On the Estate of Philoctemon
Isaeus
Isaeus. Forster, Edward Seymour, translator. Cambridge, MA: Harvard University Press; London: William Heinemann Ltd., 1927 (1962 printing).
They inscribed these two boys before the archon as adopted children of the sons of Euctemon who had died,[*](Philoctemon and Ergamenes (cf. Isaeus 6.44).) inscribing themselves as guardians, and requested the archon to grant a lease of the house-property as being the property of orphans, in order that part of the property might be leased and part might be used as a security, and mortgage notices adfixed to it in the children's names during the lifetime of Euctemon, and they themselves might become lessees and receive the income.
On the first day that the courts met, the archon put the lease up for auction and they offered to lease the property. Certain persons, however, who were present, denounced the plot to the relatives, and they came and informed the judges of the real state of affairs. The result was that the judges voted against allowing the houses to be leased. If the plot had not been detected, the whole property would have been lost. Please call as witnesses those who were present.
Witnesses
Before my opponents had made the woman's acquaintance and plotted with her against Euctemon, he and his son Philoctemon possessed so large a fortune that both of them were able to undertake the most costly public offices without realizing any of their capital, and at the same time to save out of their income, so that they continually grew richer. After the death of Philoctemon, on the other hand, the property was reduced to such a condition that less than half the capital remains and all the revenues have disappeared.

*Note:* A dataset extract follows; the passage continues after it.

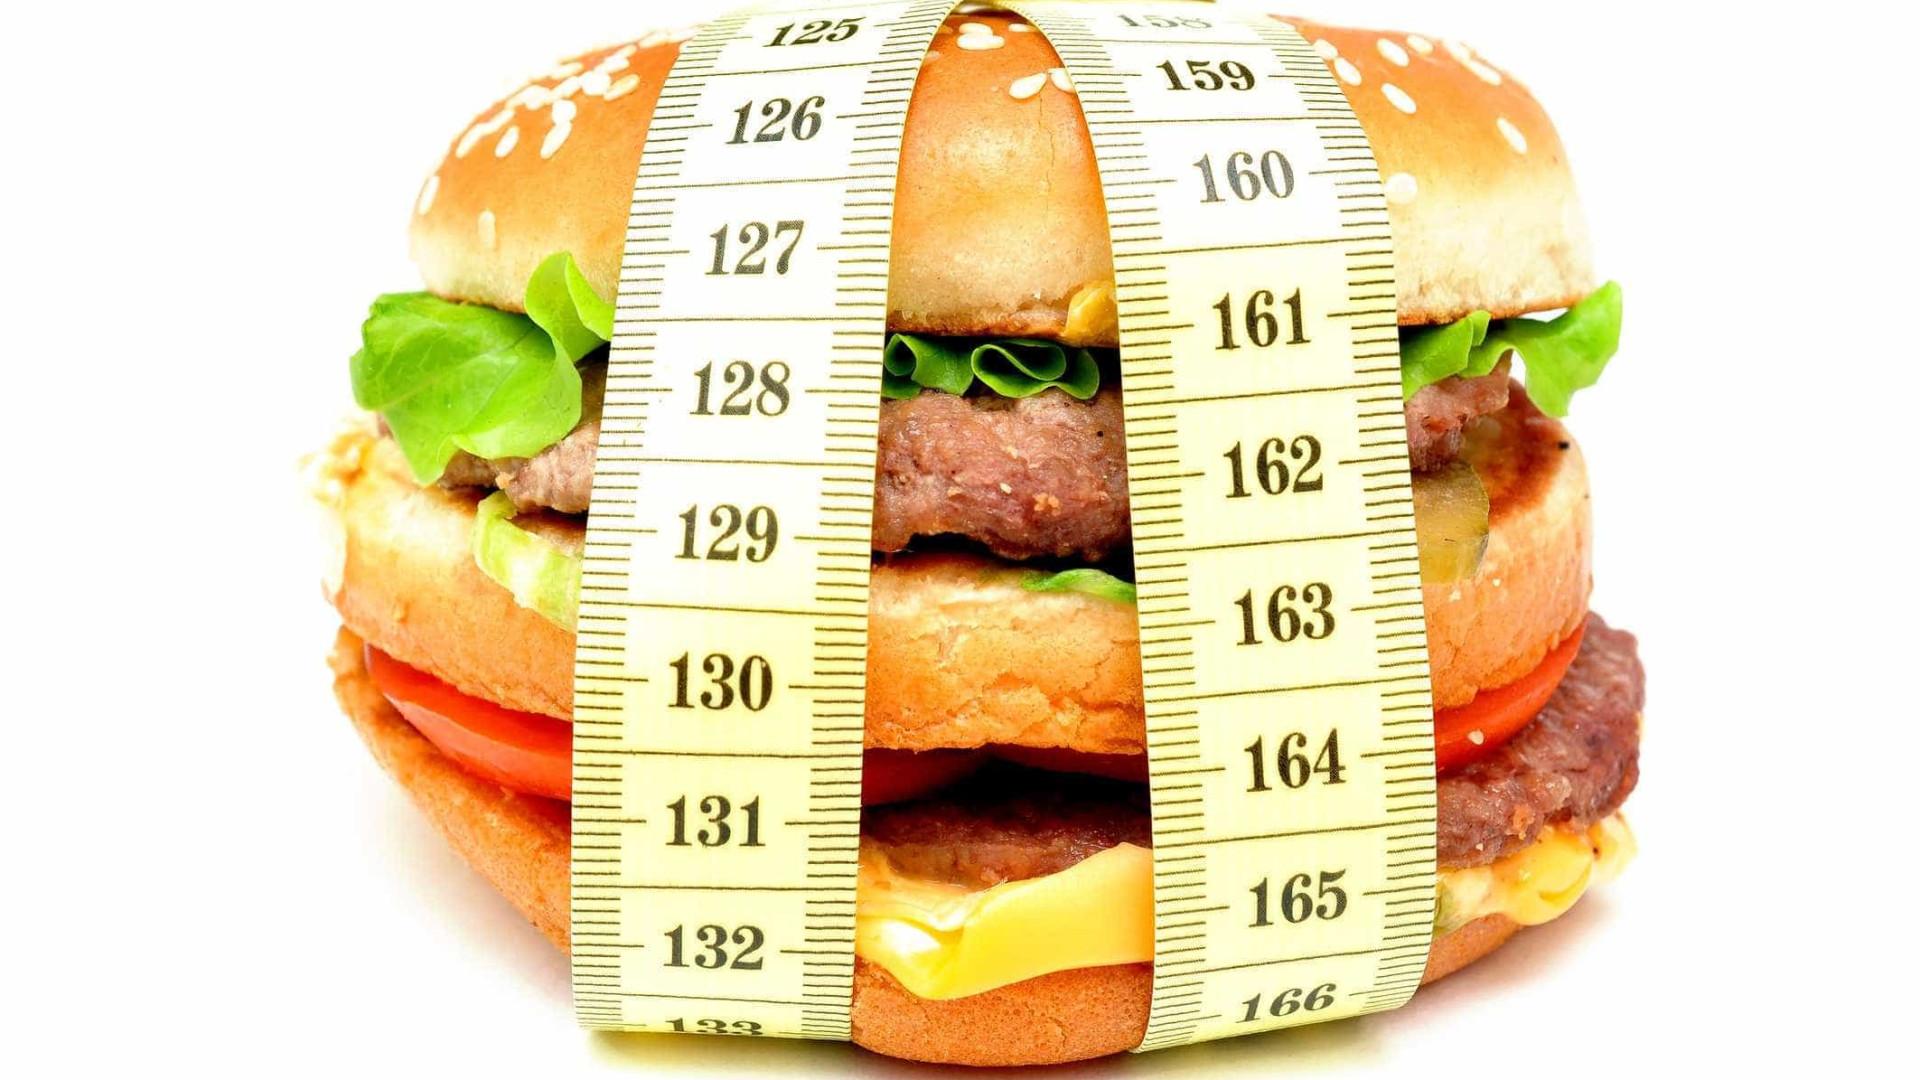 Treinar para queimar o que come não é saudável, dizem especialistas
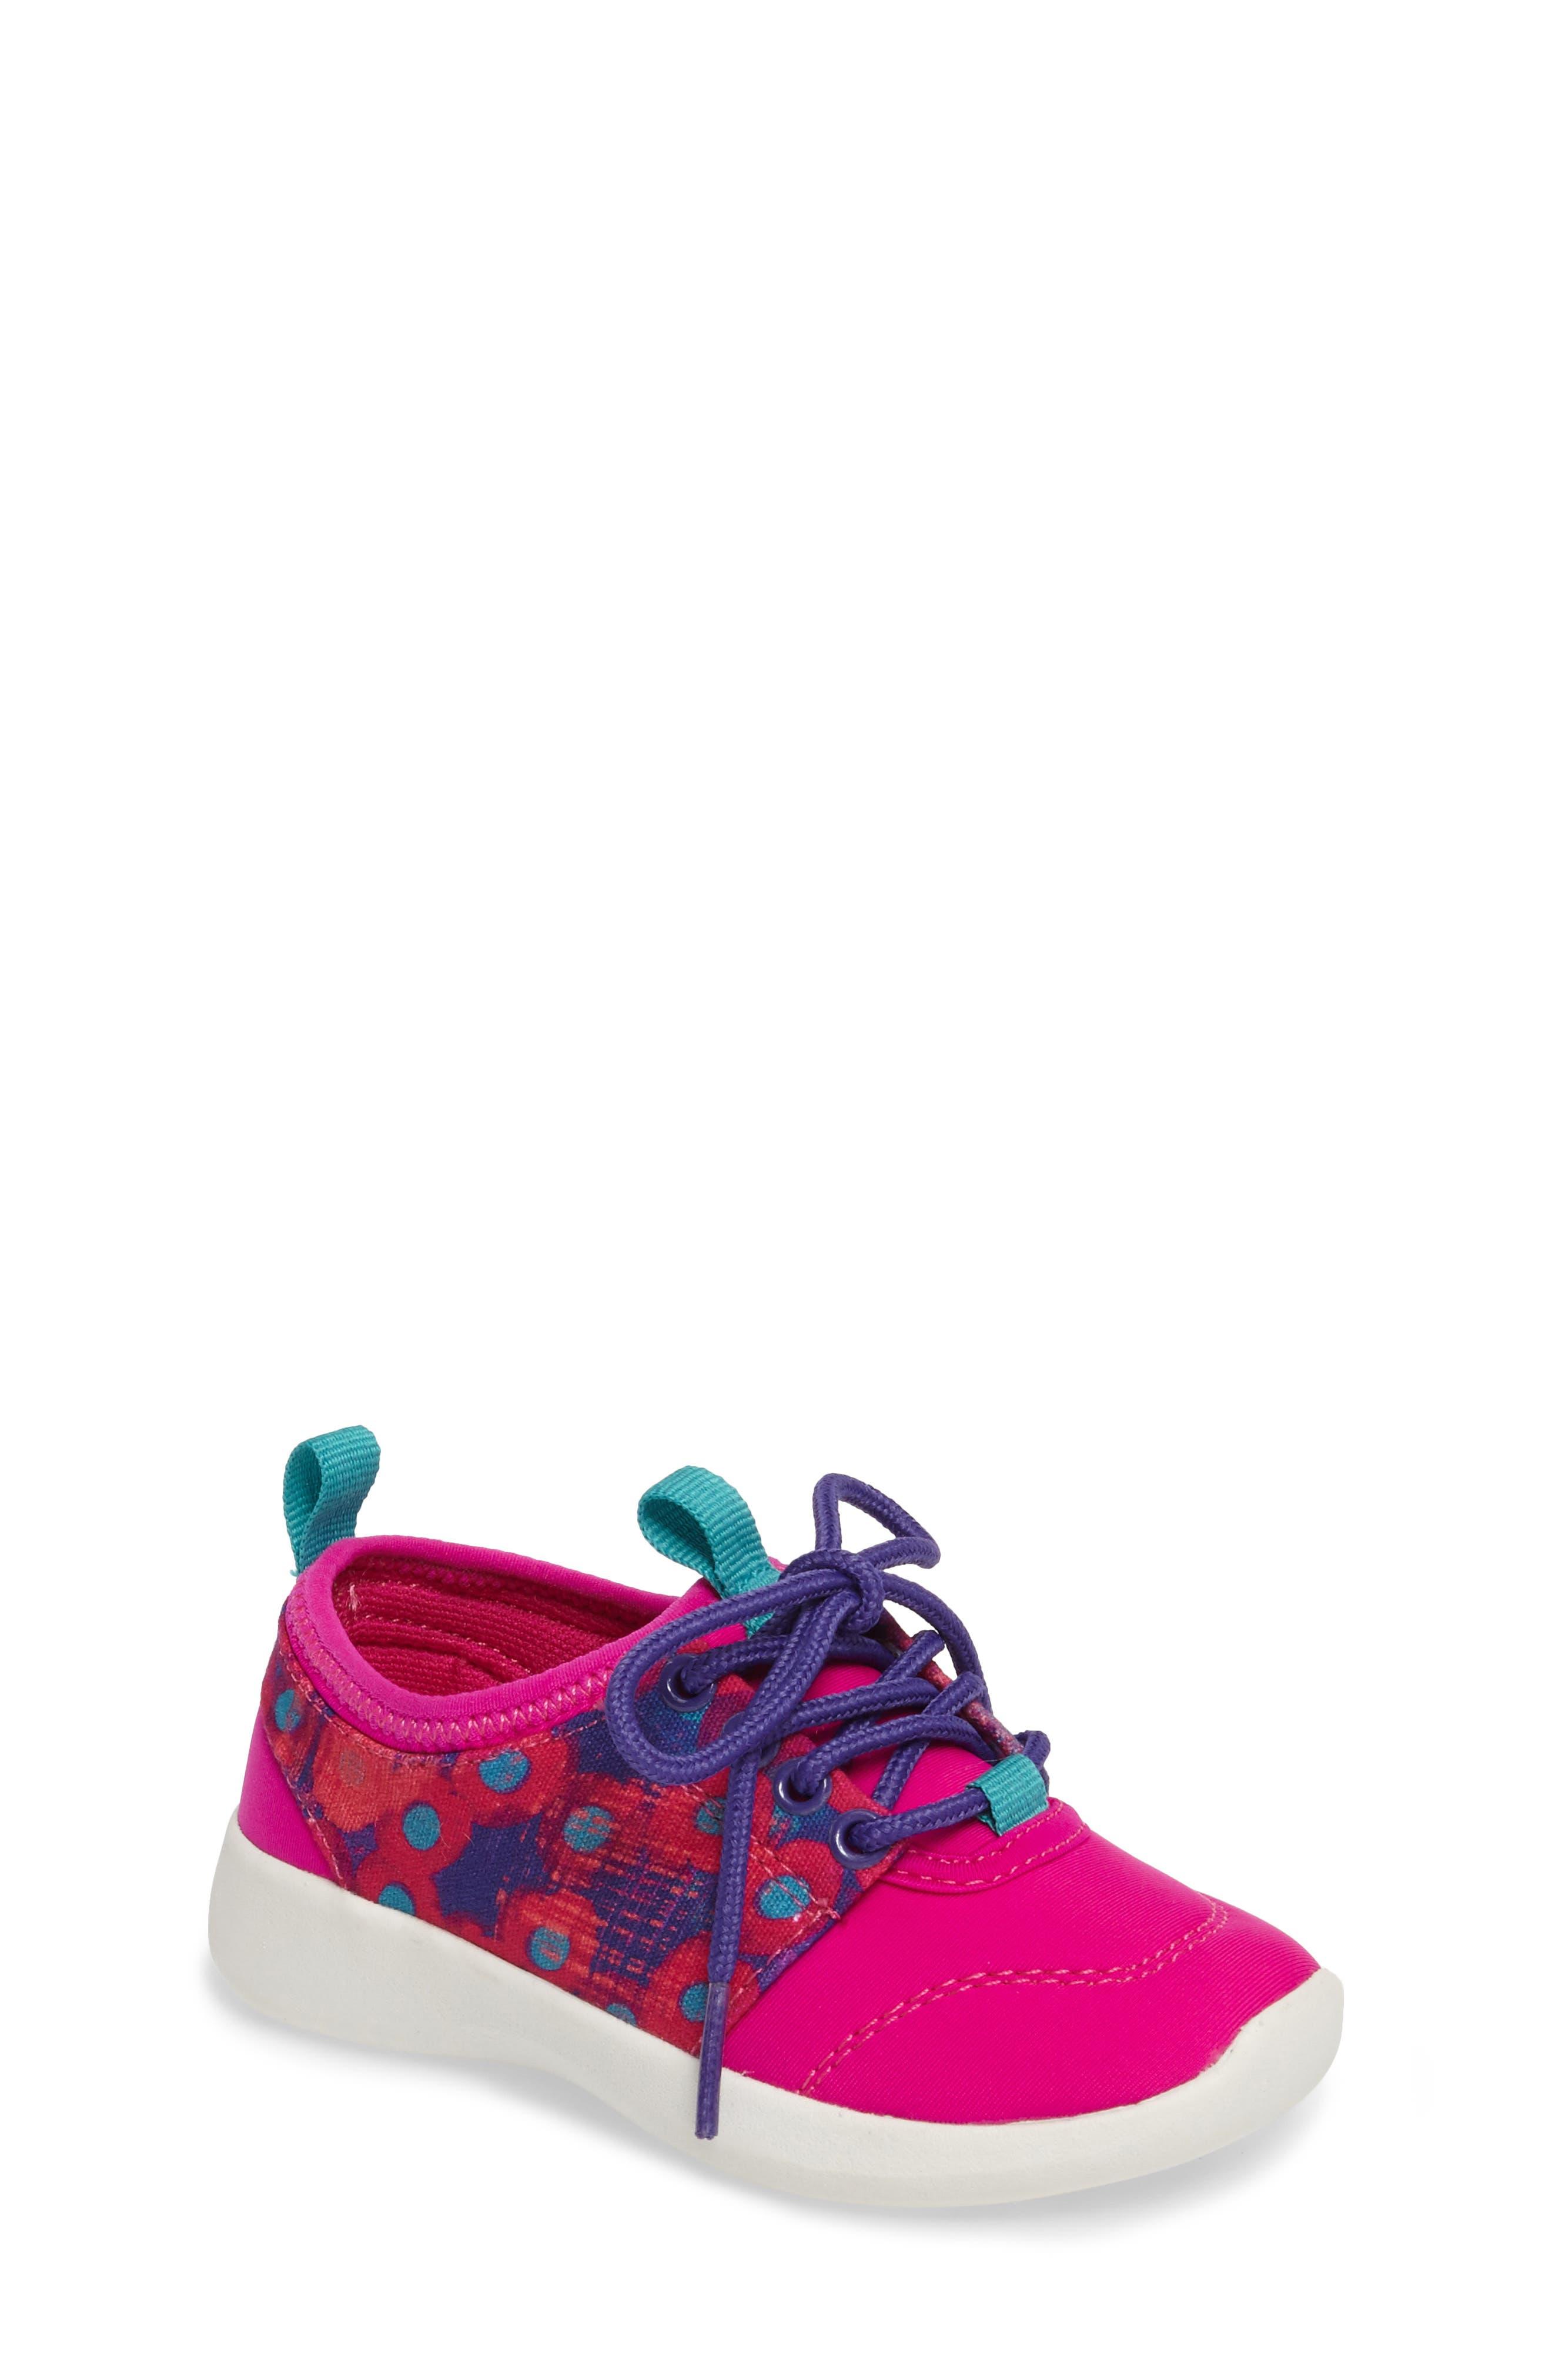 CHOOZE Bolt Sock-Fit Sneaker

And they were not even content, gentlemen, with this misappropriation; but, when Euctemon died, they had the impudence, while he was lying dead in the house, to shut up the slaves, so that none of them might take the news to his two daughters or to his wife or to any of his relatives. Meanwhile, with the aid of the woman they conveyed the furniture from within to the adjoining house, which was leased and occupied by one of their gang, the infamous Antidorus.
When Euctemon's daughters and wife arrived, having learnt the news from others, even then they refused them admittance and shut the door in their faces, declaring that it was not their business to bury Euctemon. They only obtained admittance with difficulty about sunset.
When they entered, they found that he had been dead in the house for two days, as the slaves declared, and that everything in the house had been carried off by these people. While the women, as was right, were attending to the deceased, my clients here immediately called the attention of those who had accompanied them to the state of affairs in the house, and began by asking the slaves in their presence to what place the furniture had been removed.